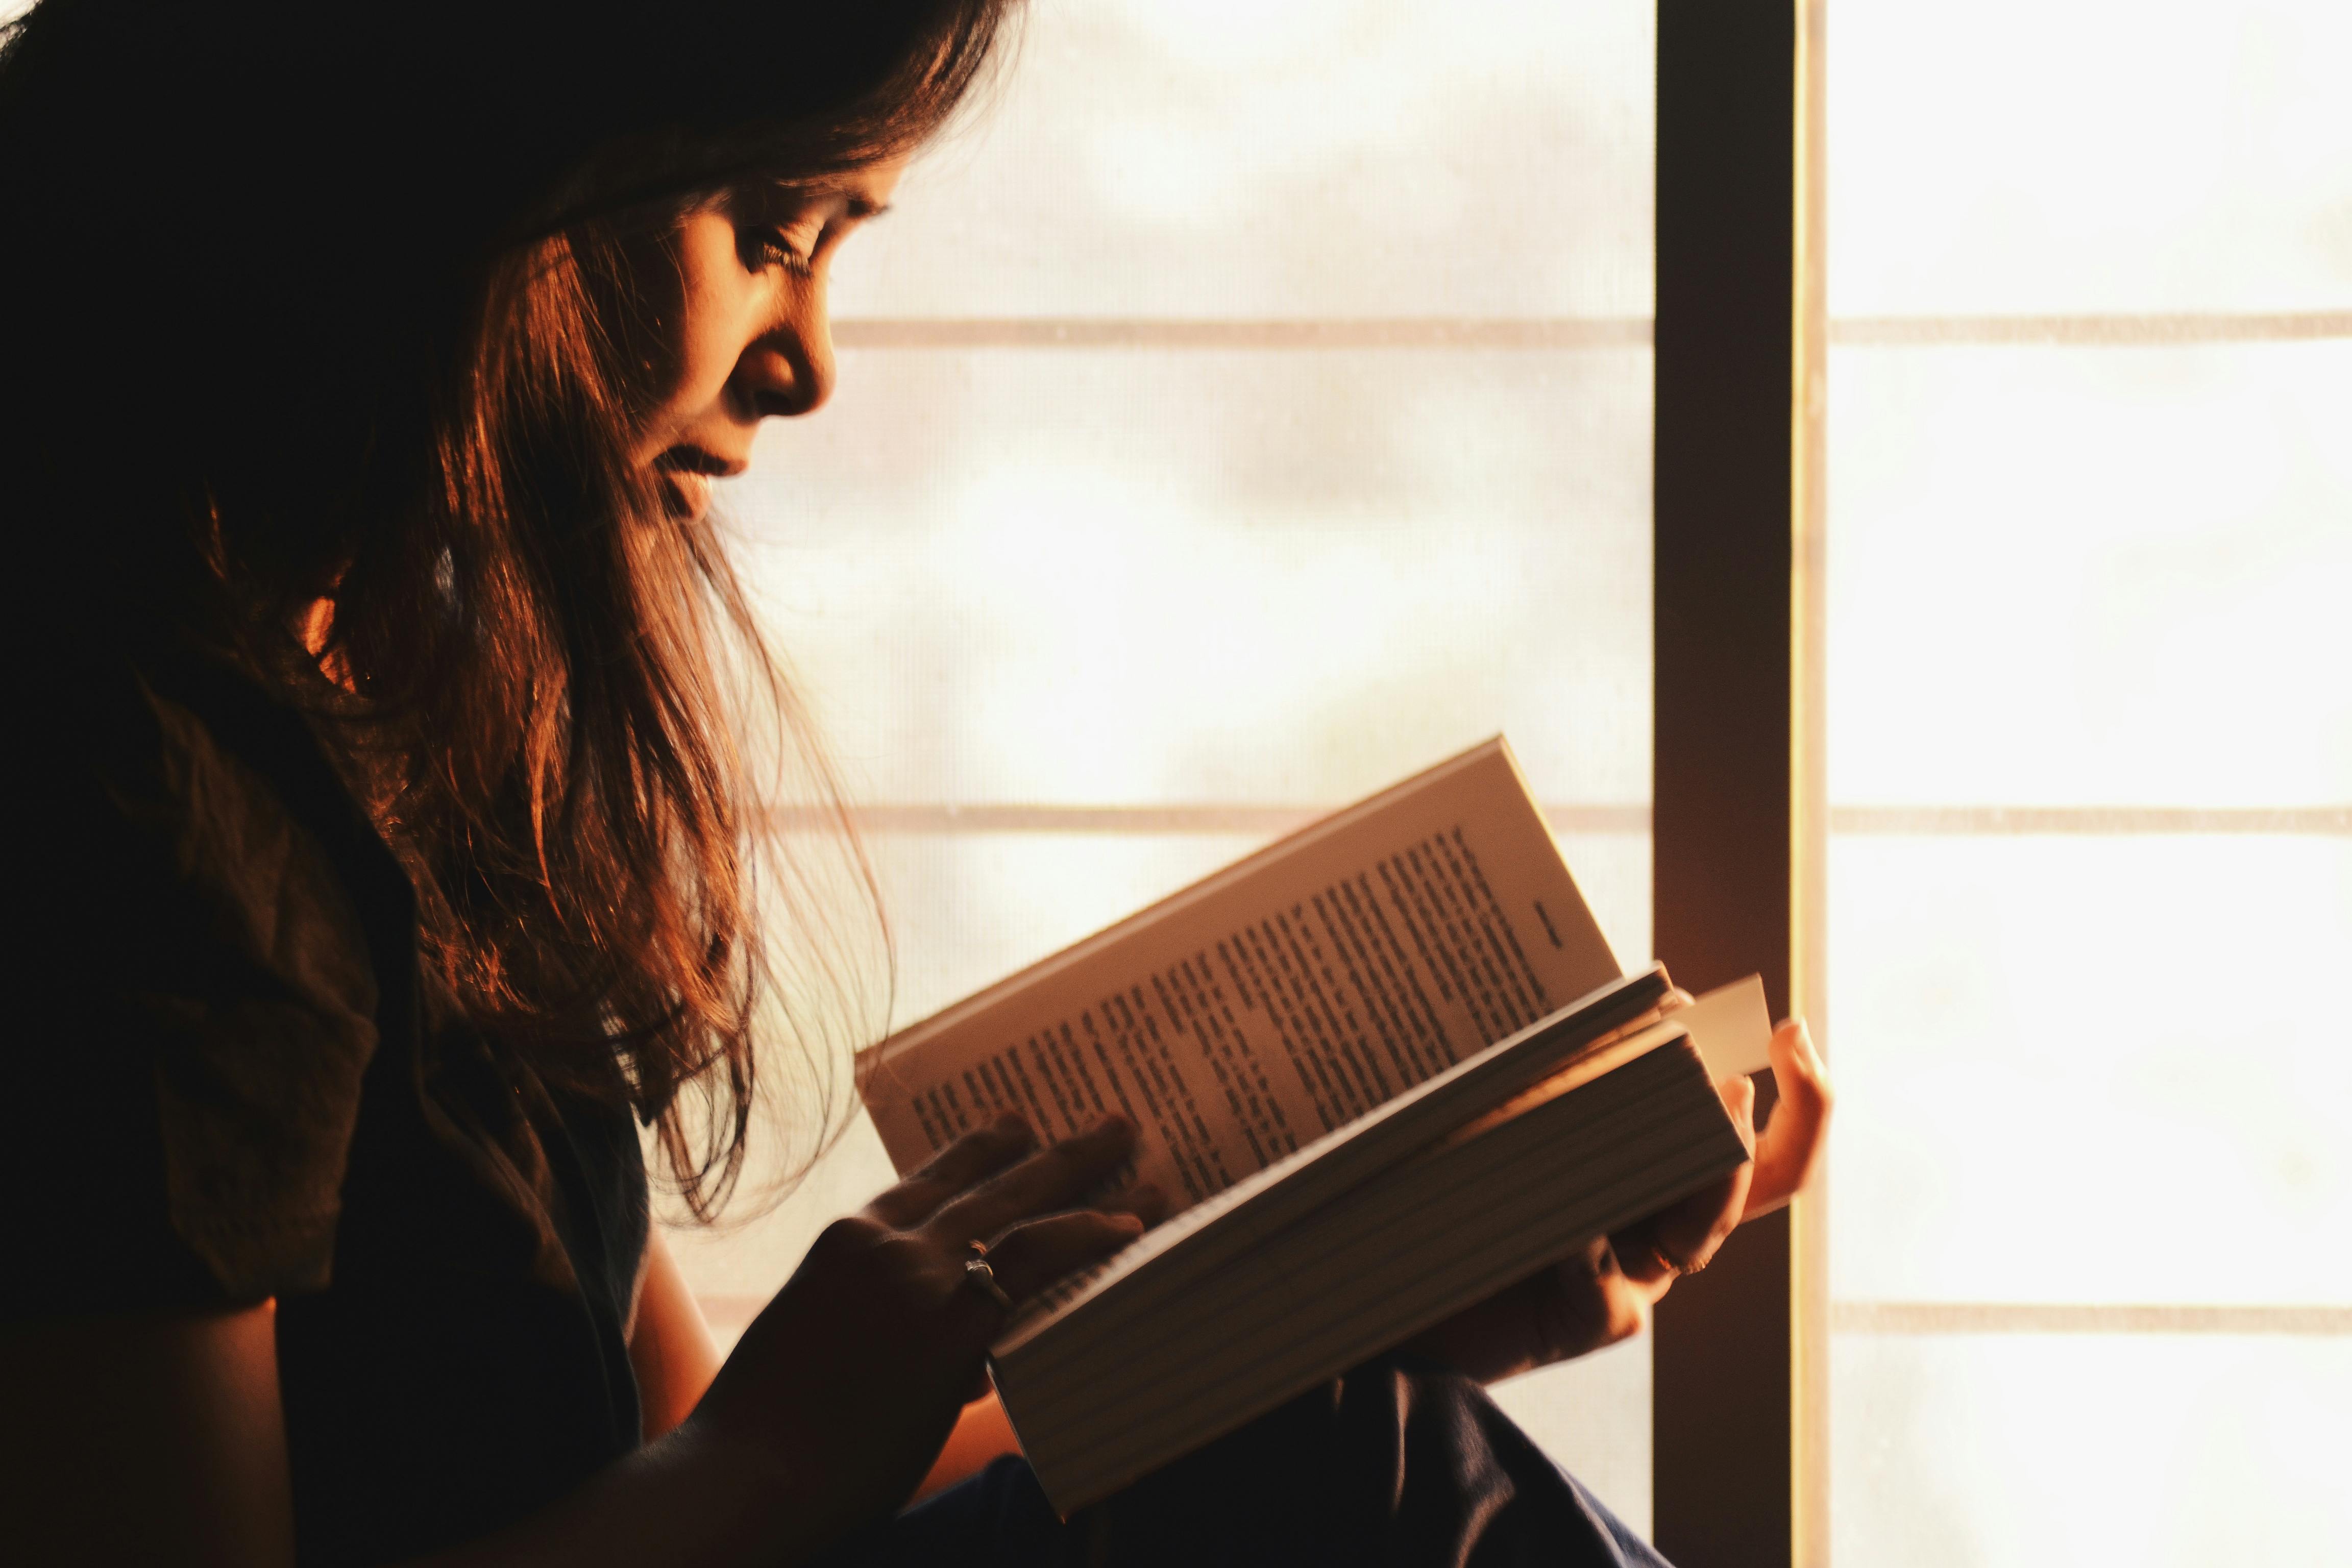 Eine junge Frau liest ein Buch | Quelle: Rahul Shah auf Pexels
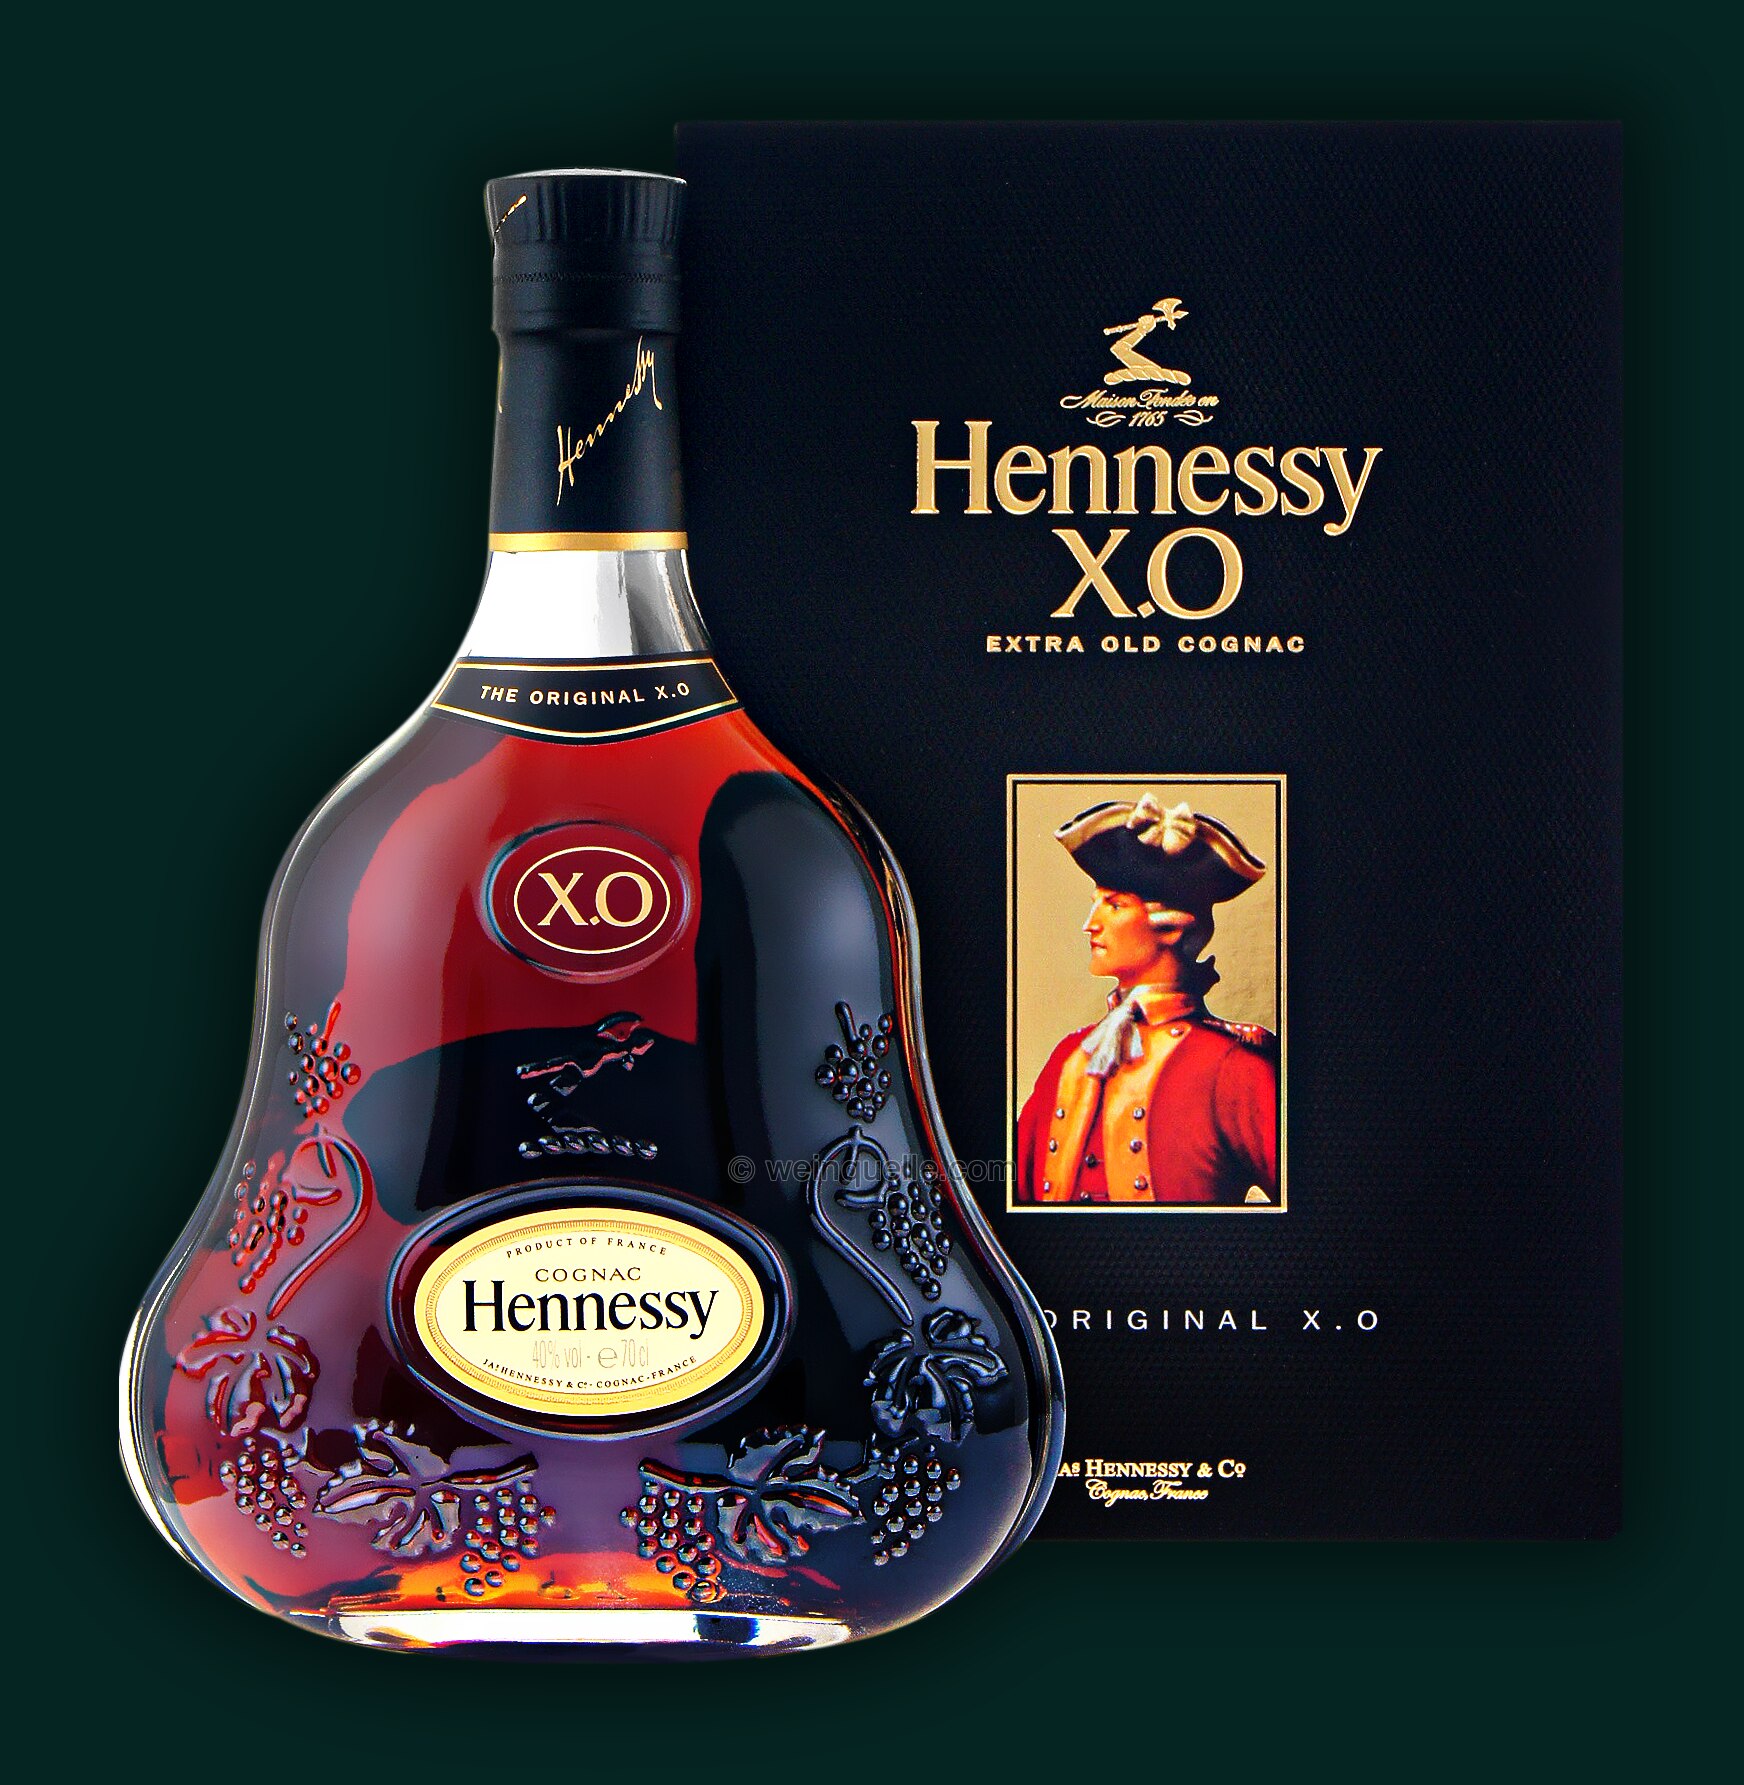 Hennessy Xo 21000 € Weinquelle Lühmann
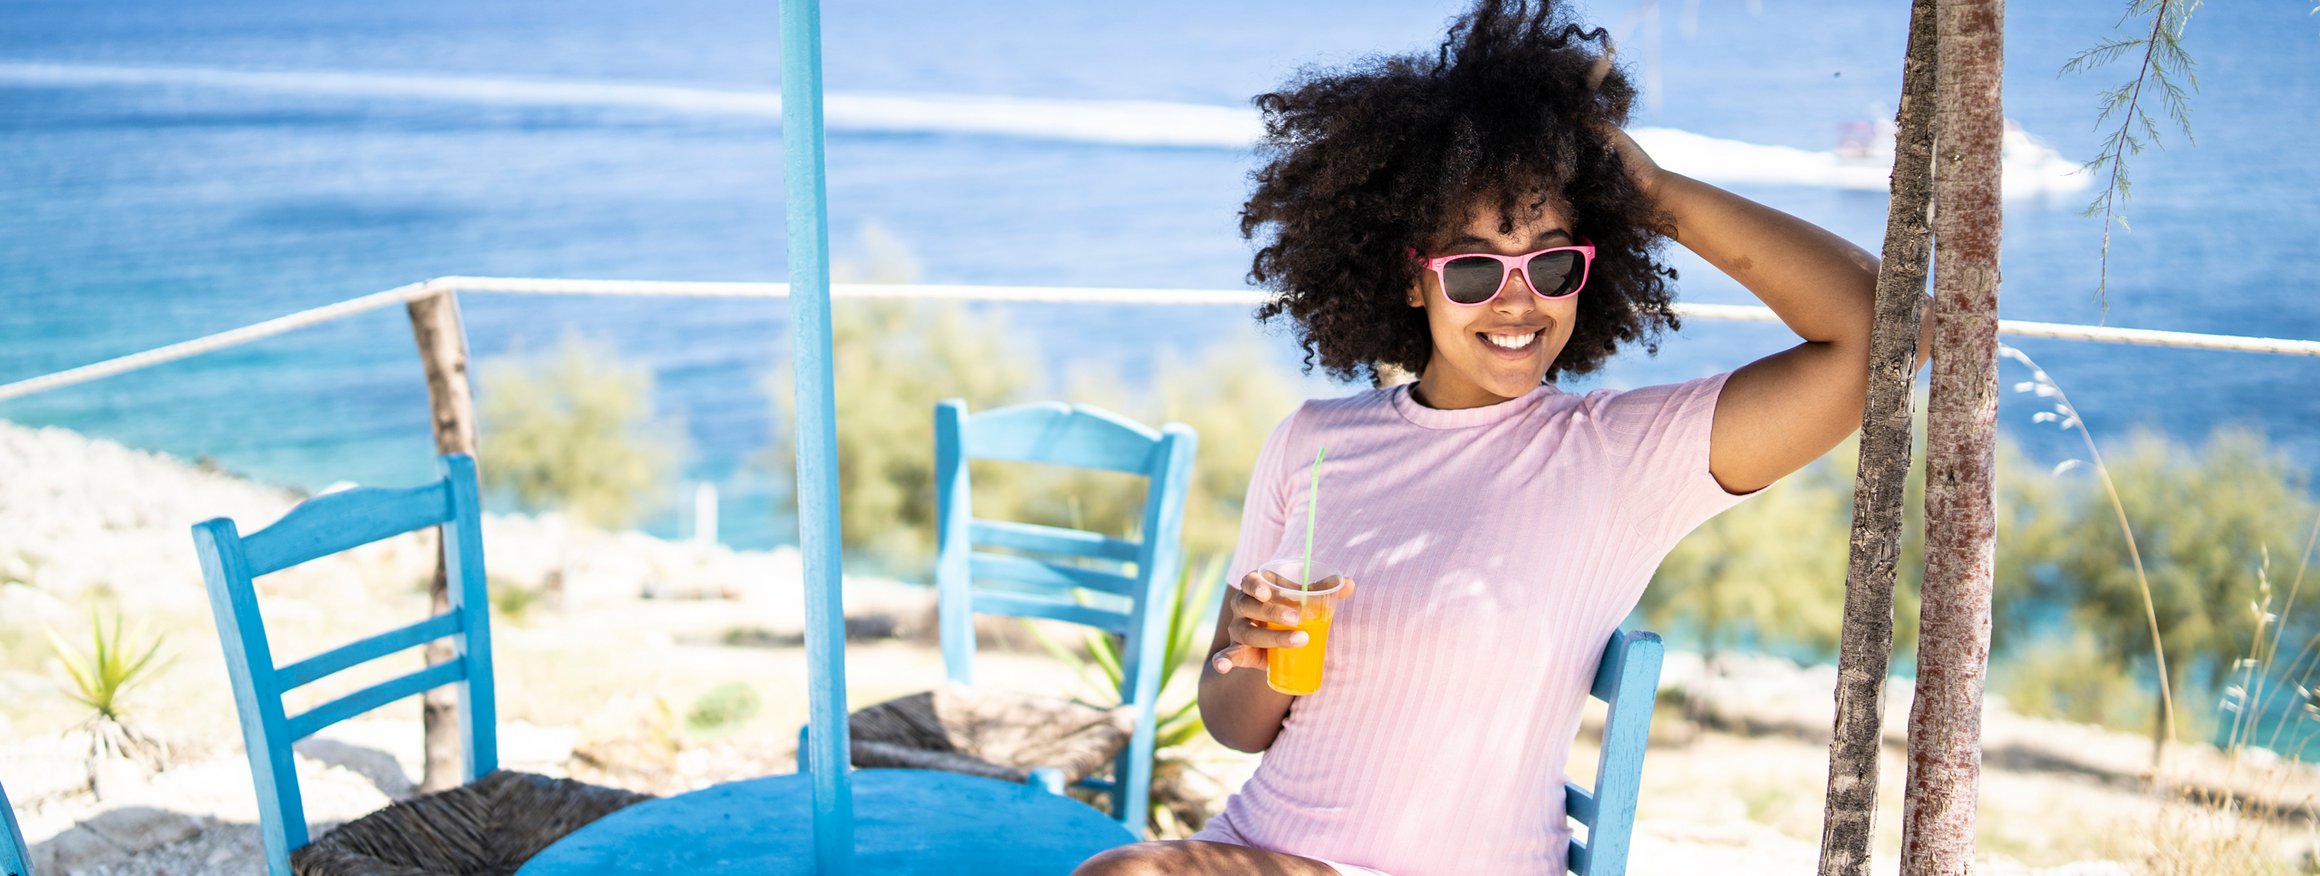 Eine junge Frau mit dunklem Lockenkopf und Sonnenbrille sitzt lachend mit einem Drink in der Hand an einer Strandbar
----
**What you will do:** Copy the whole of the material above exactly, but not its images.

**Result for this task:**
 Eine junge Frau liest ein Buch | Quelle: Rahul Shah auf Pexels
 Hennessy Xo 21000 € Weinquelle Lühmann
 Eine junge Frau mit dunklem Lockenkopf und Sonnenbrille sitzt lachend mit einem Drink in der Hand an einer Strandbar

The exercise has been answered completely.